Reforma szkół zawodowych: nie ma chętnych do nauczania

Będzie bałagan przy wprowadzaniu reformy szkolnictwa zawodowego – ostrzegają dyrektorzy szkół i przedsiębiorcy.

Aktualizacja: 28.03.2019 16:46 Publikacja: 28.03.2019 16:20

Reforma szkół zawodowych: nie ma chętnych do nauczania

Foto: 123RF

Szumnie zapowiadania reforma szkolnictwa zawodowego, wprowadzająca m.in. kształcenie dualne w ścisłym porozumieniu z pracodawcami, która rusza we wrześniu tego roku, może okazać się fiaskiem. Nie dość, że wciąż brakuje szczegółowych regulacji, to jeszcze szkoły nie są w stanie znaleźć nauczycieli przedmiotów zawodowych. Część fachowców nie chce pracować za nauczycielskie stawki, inni odchodzą ze szkół z powodu zmiany przepisów o czasie pracy nauczycieli przedmiotów zawodowych.

Czytaj także: Szkoły zawodowe - nowe przepisy mają zachęcić firmy do angażowania się w edukację

– Reforma szkolnictwa zawodowego to niewątpliwie krok w dobrym kierunku. Wykonanie pozostawia jednak wiele do życzenia – mówi Jakub Gontarek, ekspert Konfederacji Lewiatan. – Uważamy, że wejście w życie reformy powinno zostać przesunięte co najmniej o rok – dodaje.
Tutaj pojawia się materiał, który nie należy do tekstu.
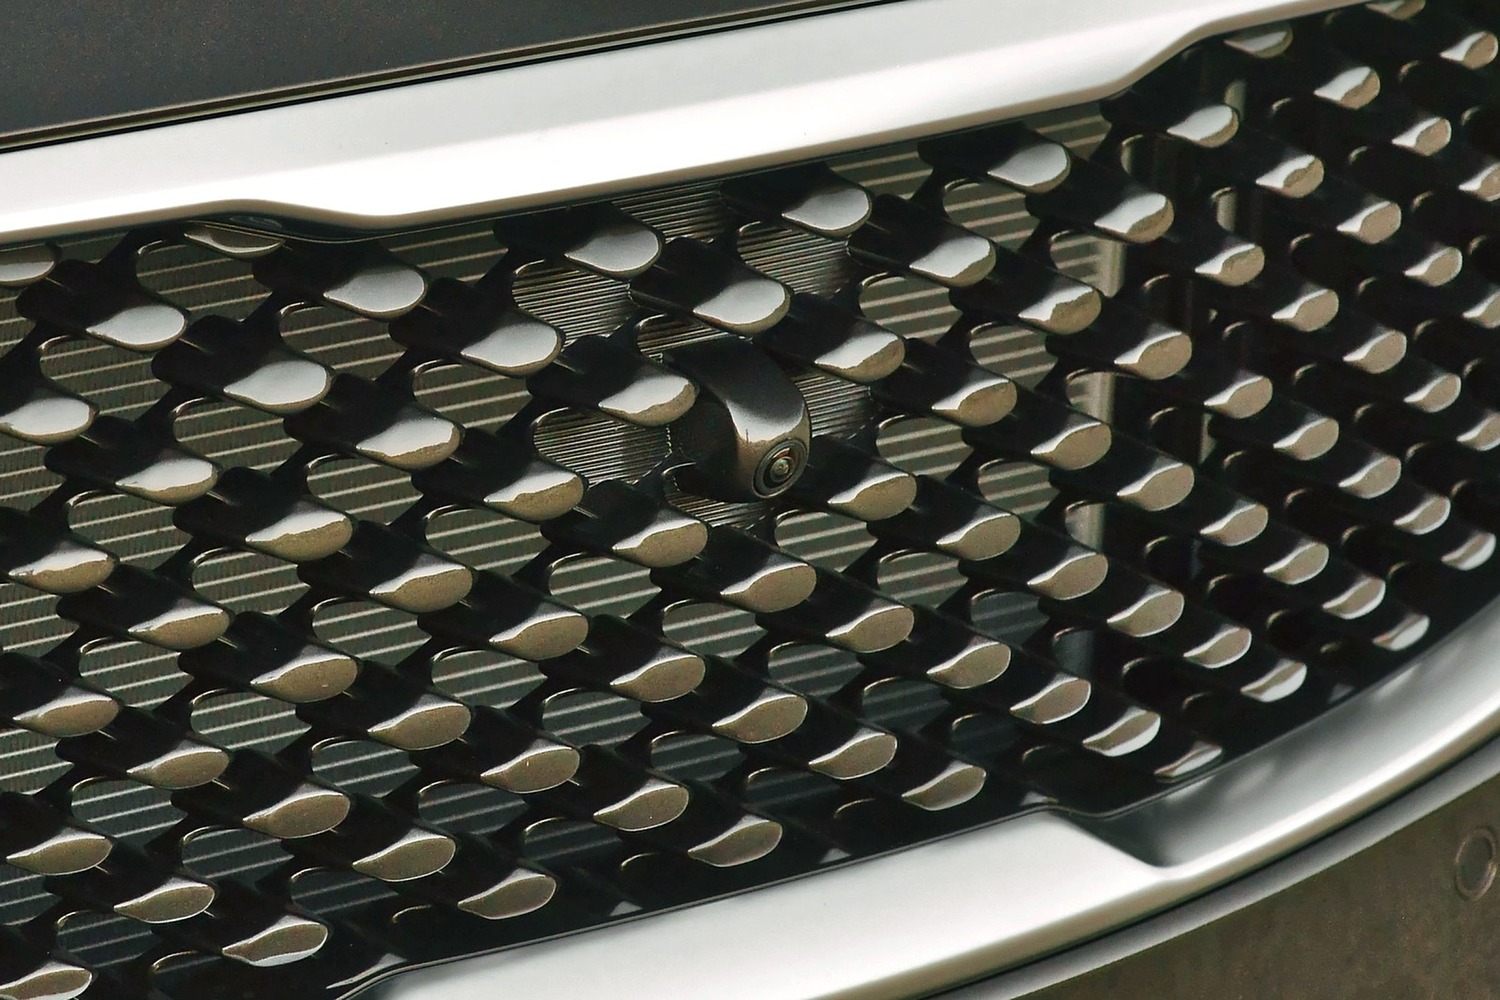 Kia Sedona SX Limited Passenger Minivan Exterior Detail (2016 model year shown)

Dyrektorzy szkół zawodowych obawiają się, że wprowadzane od 1 września 2019 r. zmiany czasu pracy nauczycieli zawodu jeszcze bardziej utrudnią im znalezienie fachowców do pracy w szkole.

– Na tej zmianie nauczyciel dyplomowany straci ok. 300 zł – mówi Marek Pleśniar z Ogólnopolskiego Stowarzyszenia Kadry Kierowniczej Oświaty.

Jednolite pensum

Jak zapowiada, w ciągu najbliższych dni stowarzyszenie wyśle do Ministerstwa Edukacji Narodowej apel o ponowne przyjrzenie się regulacjom dotyczącym nauczycielskiego pensum.
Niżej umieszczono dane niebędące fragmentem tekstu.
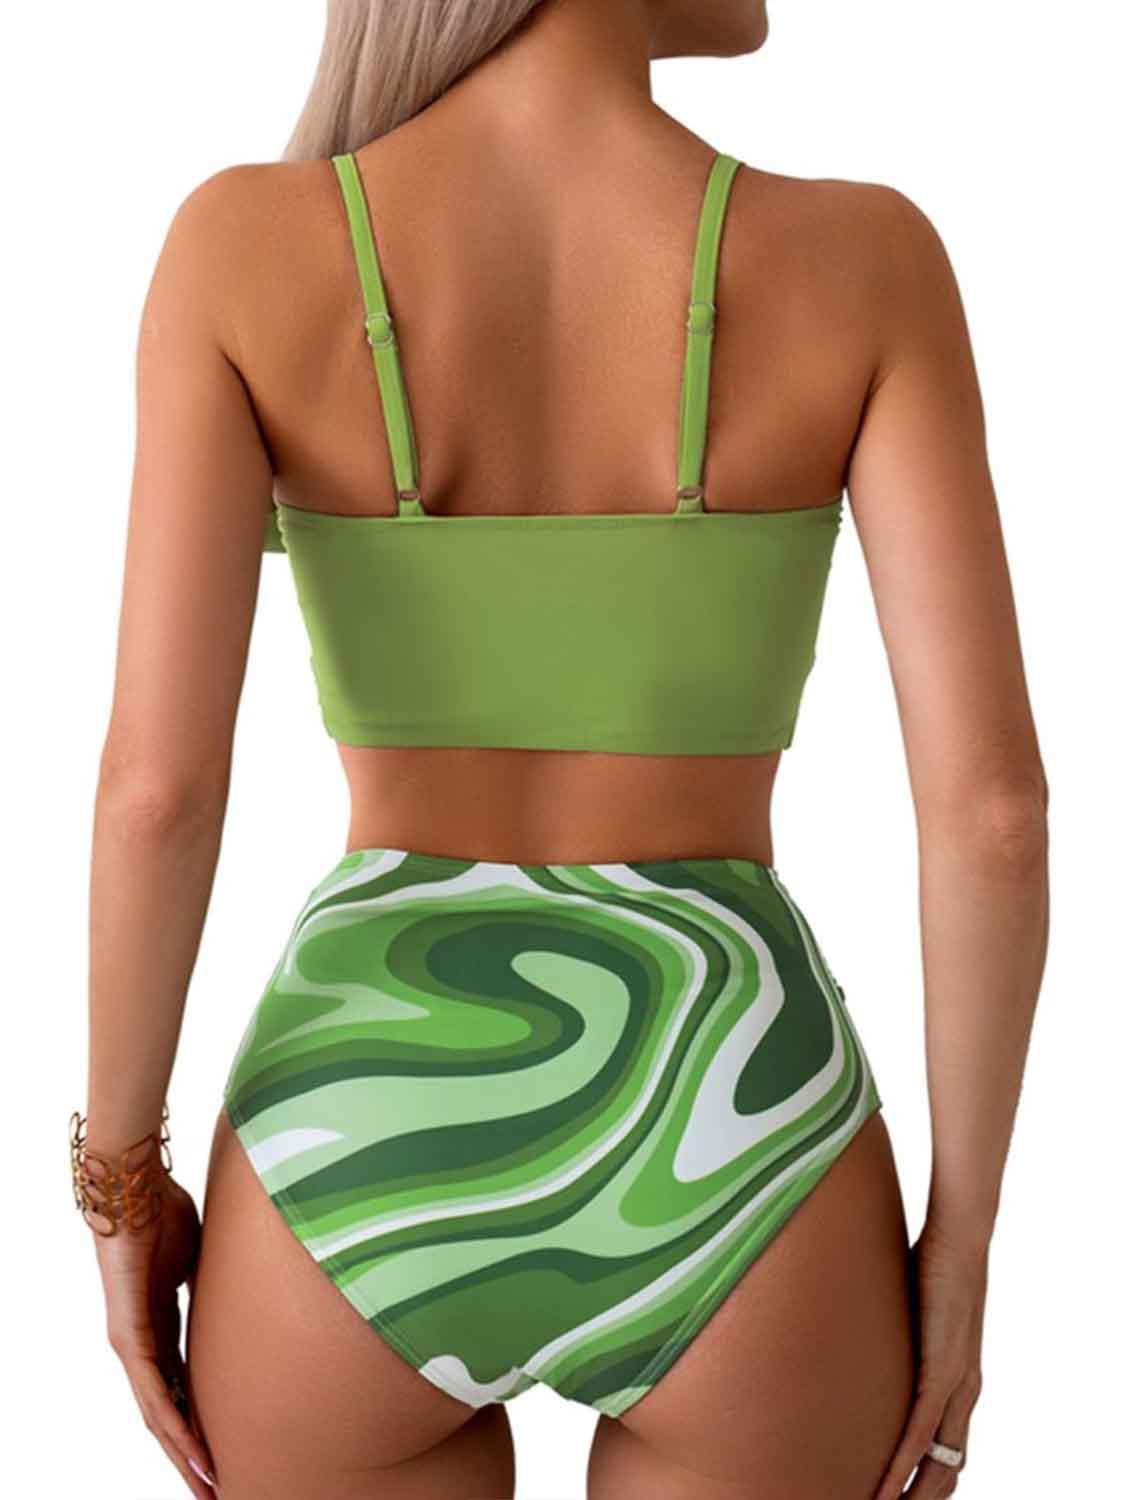 a woman wearing a green bikini top with a high waist

Chodzi o to, że obecnie w szkołach zatrudnieni byli (obok nauczycieli teoretycznych przedmiotów zawodowych z pensum 18 godz.) także nauczyciele praktycznej nauki zawodu oraz nauczyciele przedmiotów w kształceniu zawodowym praktycznym. Pensum tych pierwszych wynosi 22 godziny, nie wymaga się od nich wyższego wykształcenia, a ich praca to nadzorowanie sześcioosobowej grupy uczniów w warsztacie lub zakładzie pracy. Ci drudzy to nauczyciele, którzy pracowali z całą klasą, pokazując uczniom np. doświadczenia w laboratoriach. Ich pensum to 20 godzin. Wymagano od nich ukończenia studiów i przygotowania pedagogicznego.

Znowelizowana jesienią ubiegłego roku ustawa – Prawo oświatowe zniosła ten podział. Od września jedni i drudzy będą nauczycielami praktycznej nauki zawodu z 20-godzinnym pensum. Czyli jedni będą pracować o dwie godziny dłużej, drudzy krócej. Pensja się nie zmieni.
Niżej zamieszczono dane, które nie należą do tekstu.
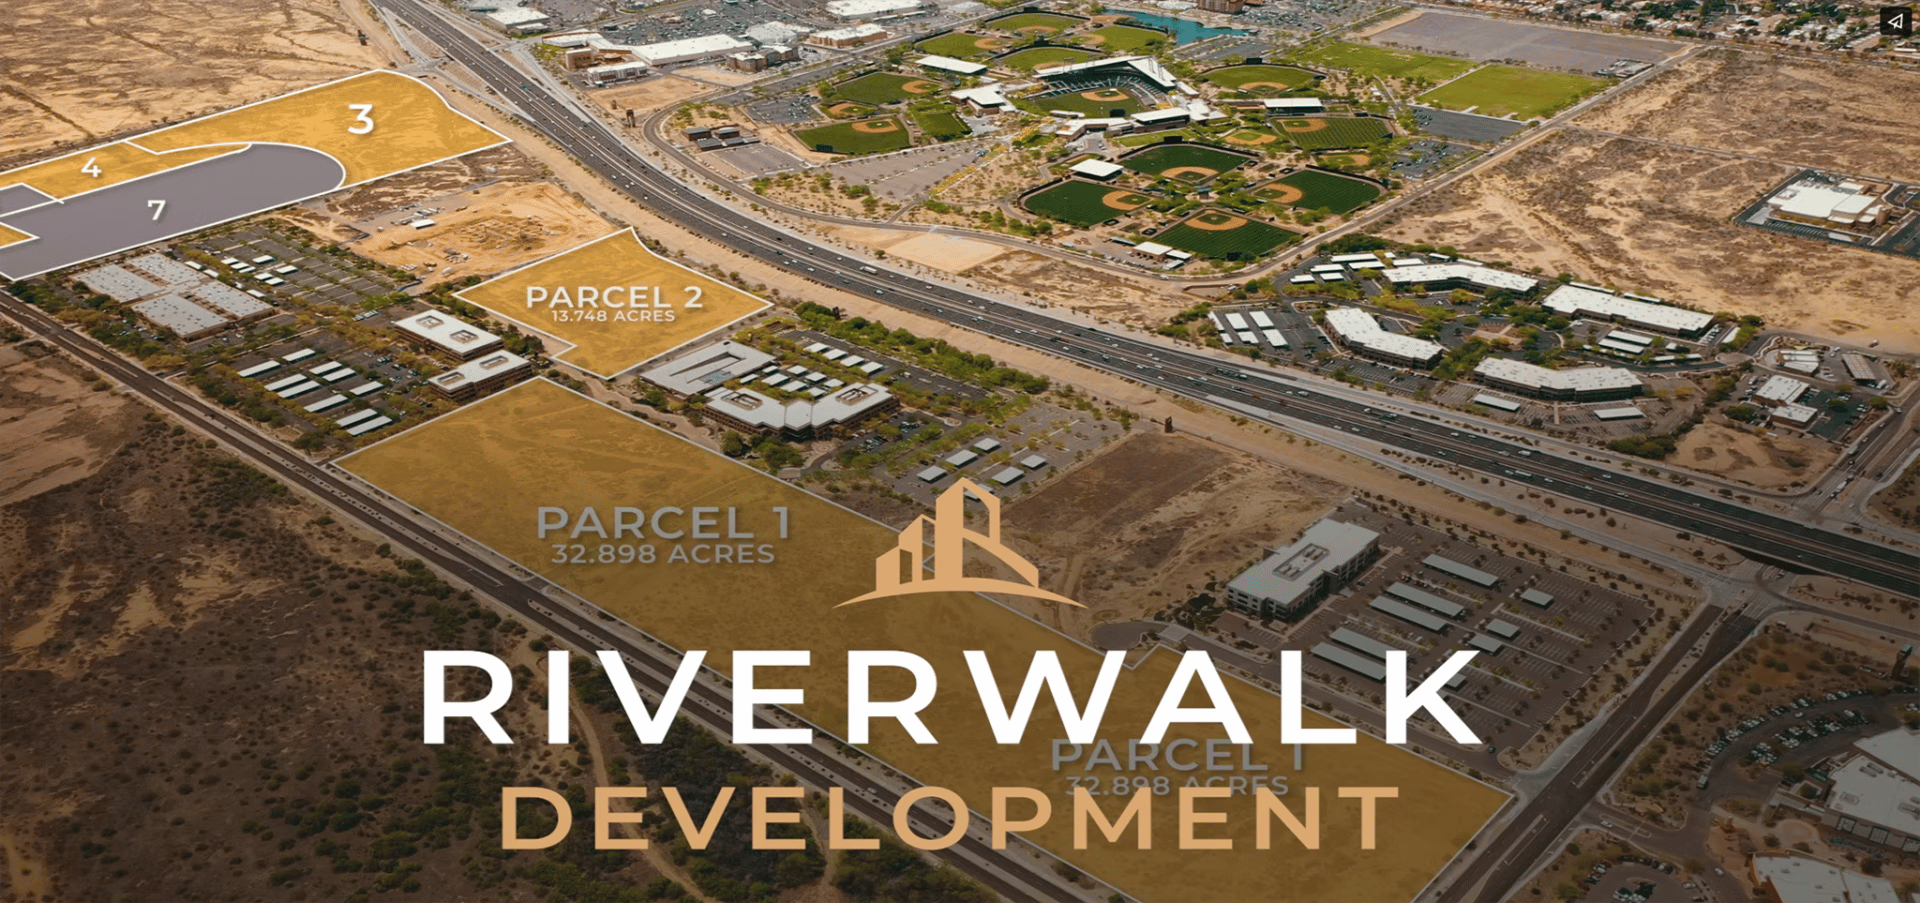 arial shot of Riverwalk Development, just off the HWY 101 in Scottsdale, AZ

– Nauczyciele praktycznej nauki zawodu są tymi zmianami oburzeni. Wielu odchodzi z zawodu do firm, a starsi na emeryturę. Dyrektorzy szkół obawiają się, że we wrześniu nie będzie komu uczyć zawodu – mówi Pleśniar. Jak dodaje, pensje w oświacie są obecnie tak niskie, że nie ma szans na to, by namówić na taką pracę informatyków, filmowców czy inżynierów budownictwa. Oferty szkół odrzucają nawet absolwenci.

Dyrektorzy zwracają uwagę również na to, że wprowadzenie podwyższonego pensum to zmiana warunków pracy. Czyli zgodnie z kodeksem pracy będzie traktowane jako wypowiedzenie umowy o pracę, co też wiąże się z ryzykiem odejścia pracownika.

Zmiany zbyt szybko

Problem braku kadr rozwiązałoby zaangażowanie w proces kształcenia przedsiębiorców.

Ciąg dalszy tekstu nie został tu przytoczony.